I think, in part, since we robbed him of his own people, we have to acknowledge our responsibility to act as his descendants. We stole it, but we’re his beneficiaries. Our responsibility is to remember him and to admit that we owe him a debt we can’t repay.

“What Was He Even Doing Over There?”

It’s like this. If I accidentally hit you in the nose with my elbow, you should, even if it was completely an accident, have the assurance that bystanders and investigators are going to seriously consider that I hit you on purpose or that I was in some way at fault. That possibility should be entertained and then evidence for and against that possibility weighed and either accepted or dismissed. Your physical characteristics (with the exception, in this case, of maybe the size of your nose–since someone with a really tiny nose might argue that my chances of hitting it by accident are very slim and someone with a large nose might find you’re often getting hit in it by accident) shouldn’t be a factor in whether you get a neutral investigation into what happened to you.

But, if I know, say, that North Nashville is predominately black and I know you are black and I hit you in the nose, say, at Noshville, what am I to make of the fact that people keep asking me why you were even at Noshville in the first place?

Even if no one surrounding the investigation or the fall-out of the investigation ever mentions you’re black, isn’t it weird that they keep asking me why you were in Noshville? Like, what purposed does that question serve. I don’t know you. I only met you because of this accident. And there are a million reasons you might be in Noshville–lunch, job, meet up with friends, whatever. What does it matter? It’s not like you were trolling through Noshville looking to put your nose in the elbow-line of me. So, why am I being asked this question?
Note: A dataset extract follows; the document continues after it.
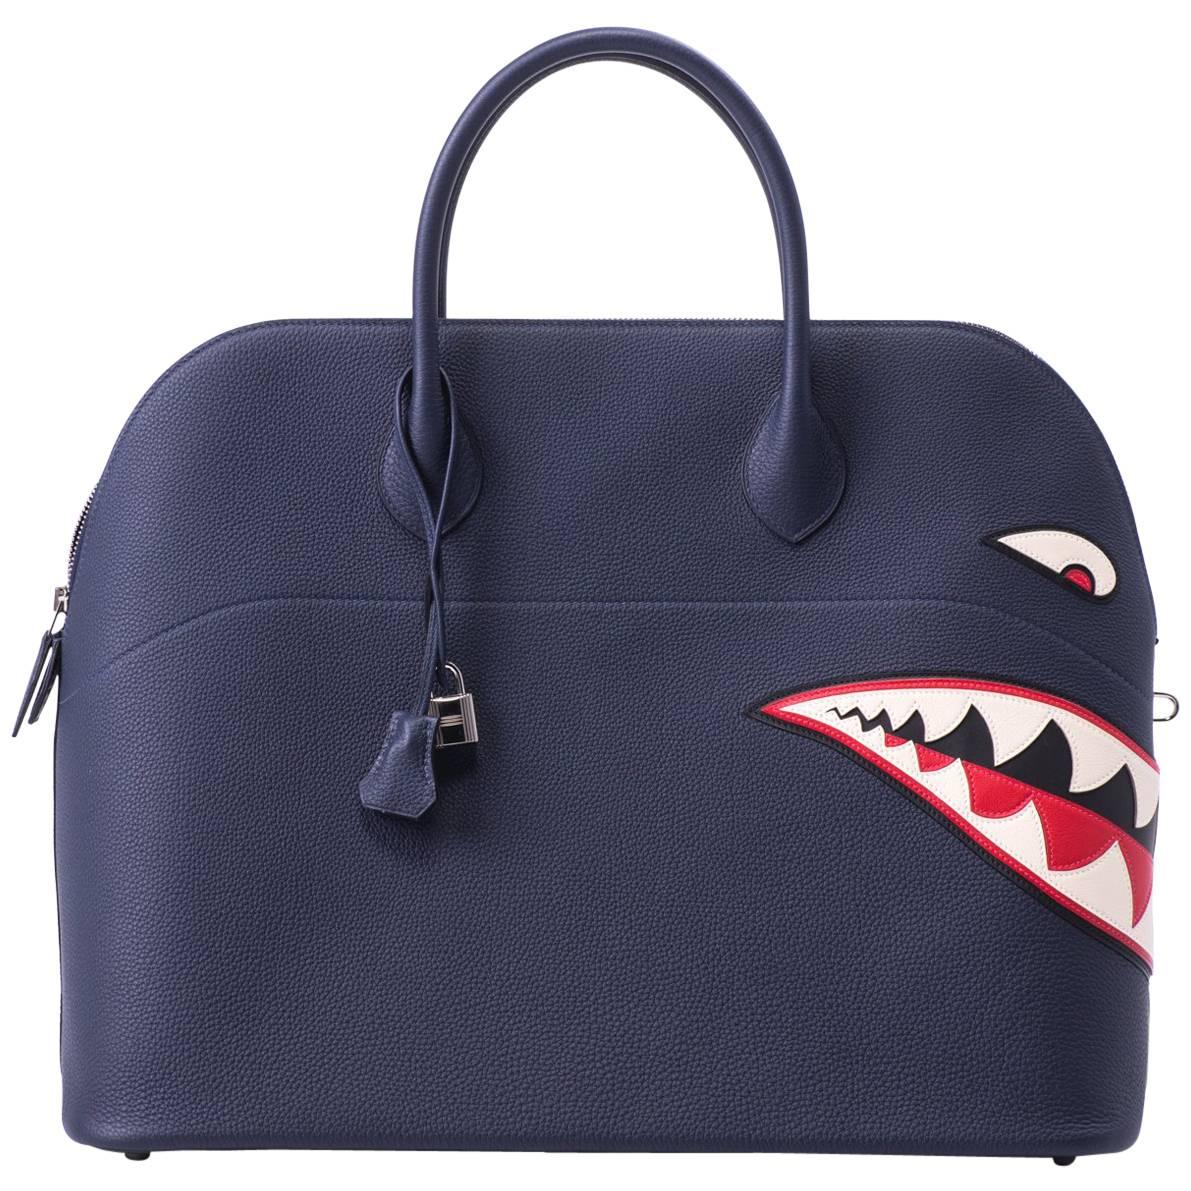 New in Box Hermes Limited Edition Indigo Blue Shark Bolide Bag

Is it because the question is supposed to tell me something? To reassure me that, since I was where I had a right to be and you might not have been, I can rest assured that no one is going to look that closely into what happened? I think that’s it. That I’m supposed to hear that question and kind of know that everything’s going to be okay for me. Now, it’s weird, because I’m fairly certain that I didn’t do anything wrong. I don’t actually need the assurance that everything’s going to go okay for me, because I have the truth on my side.
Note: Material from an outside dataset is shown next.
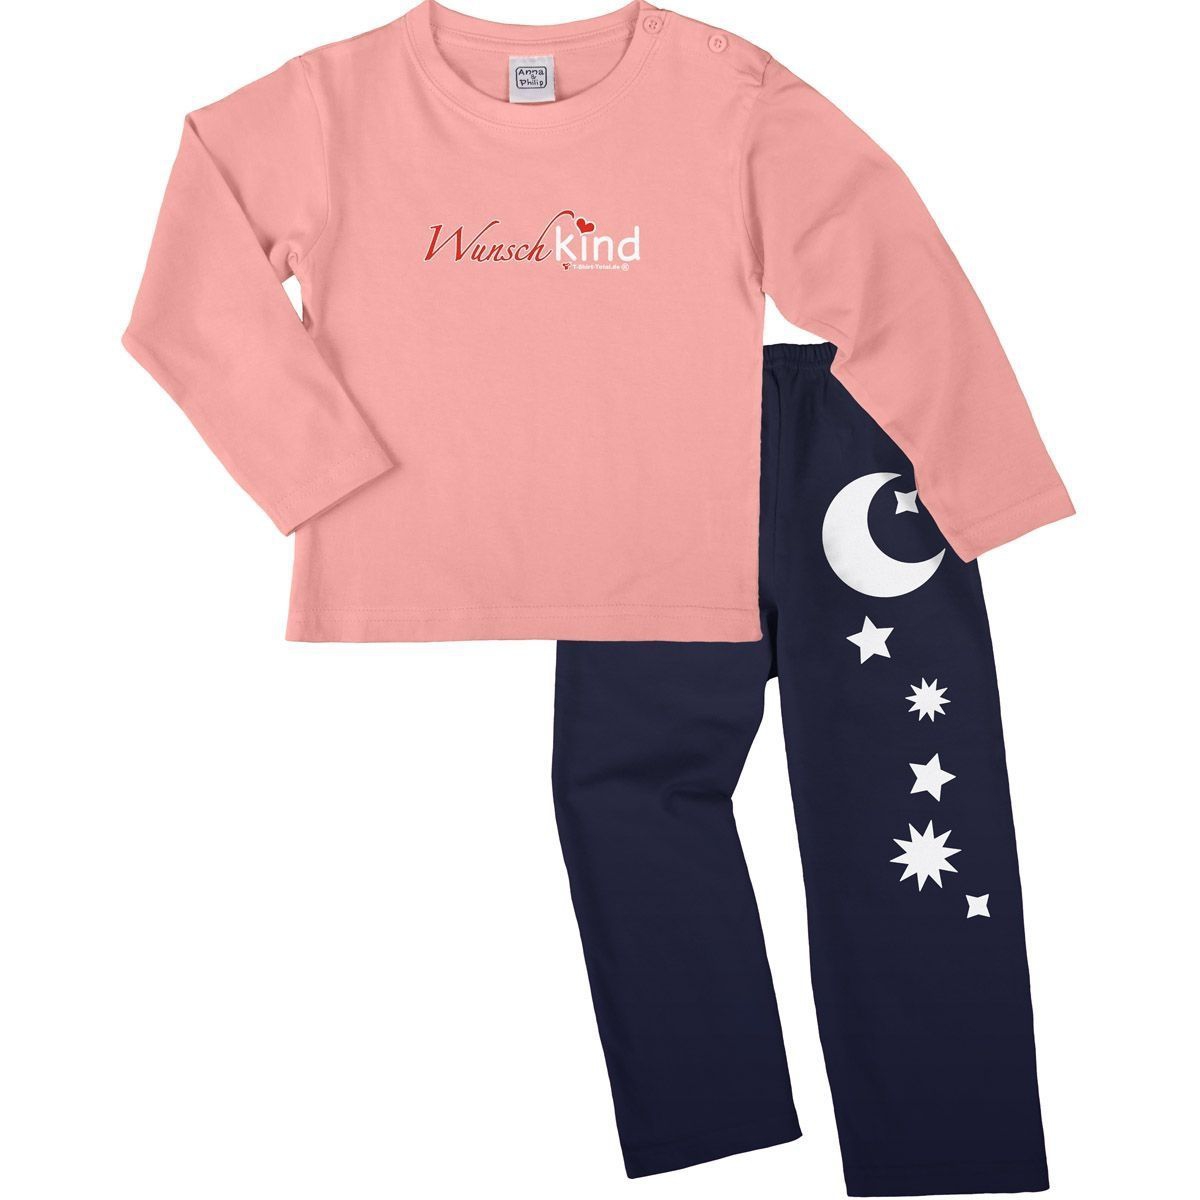 Wunschkind Pyjama Set rosa / navy 110 / 116

But how many times do I go back and stare at the place where I hit you? How many times do I look at that place and reassure myself that it went down just how I remember it? And I think I’m right. It was just an accident. But maybe I’m growing unsettled about how quickly that doesn’t seem to matter. The further we get away from it, the more people I have to talk to who weren’t there, the more I hear that question, the more I worry that someone like me could have straight-up punched you in the nose and he might still be getting asked why you were even in Noshville.

And, if only I, the person who hurt you, seems to care about you getting treated fairly, how are you going to get treated fairly?